For many people who live in Lee and Collier counties, concern about tap water safety in their home is an important issue.
Unless there are specific water boil notifications for your neighborhood (or other public advisories or notifications), drinking water from the tap is considered safe due to strict federal and regional guidelines and regulations. Each county’s water system is highly regulated and tested on an ongoing basis for harmful bacteria, chemicals, human waste, and other potentially dangerous toxins.
However, it is still advisable to use some sort of water filtration system or other purifying mechanism in your home.

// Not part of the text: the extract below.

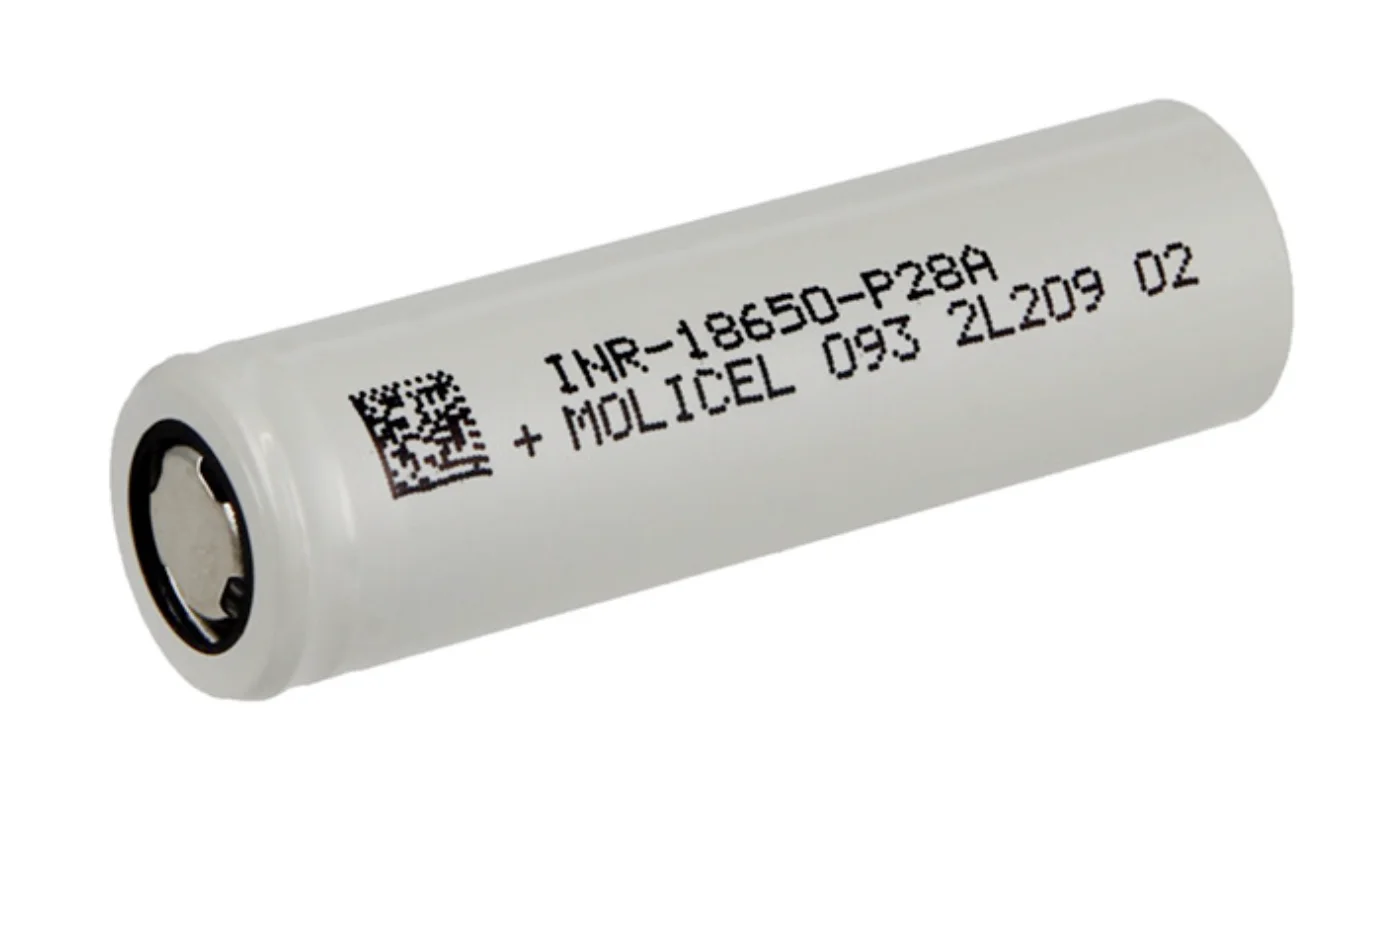 P28A Taiwan Molicel 18650 Battery 3.7V 2800mAh 35A Rechargeable Lithium Ion Battery For Molicel P28A details

This helps to ensure no harmful contaminants are inadvertently being overlooked in those screenings, and can also help remove excess chemicals that might alter the taste.
Groundwater is the source of drinking water for approximately 90% of Florida residents and the potential sources of contamination are numerous. Power plants, landfills, hazardous waste locations, and agricultural runoff all have the potential to emit toxins into the ground that can eventually end up in our aquifers and water tables.
As an example, the Miami Herald’s Curtis Morgan wrote a story in 2009, “Pollutants Lurk in South Florida Tap Water,” in which he exposed an environmental group’s report that found a variety of pollutants in that area’s tap water supply:
“More than 100 pollutants, from farm herbicides to factory solvents, have shown up in Florida tap water during the last five years — many barely detectable, but more than a quarter exceeding federal standards at least once, according to a report compiled by an environmental group … The most common: disinfectants used in water treatment, followed by assorted other toxic substances such as cyanide, arsenic, radium and barium.”
Utility companies and regulators have aggressively defended the safety of Florida’s water supply, but the article, along with some other reports, has still raised some questions.
Water filtration systems are relatively inexpensive and are not only a good safeguard from these potential overlooked contaminants, but they also help reduce the use of bottled water consumption, saving you money and lowering your home’s environmental impact.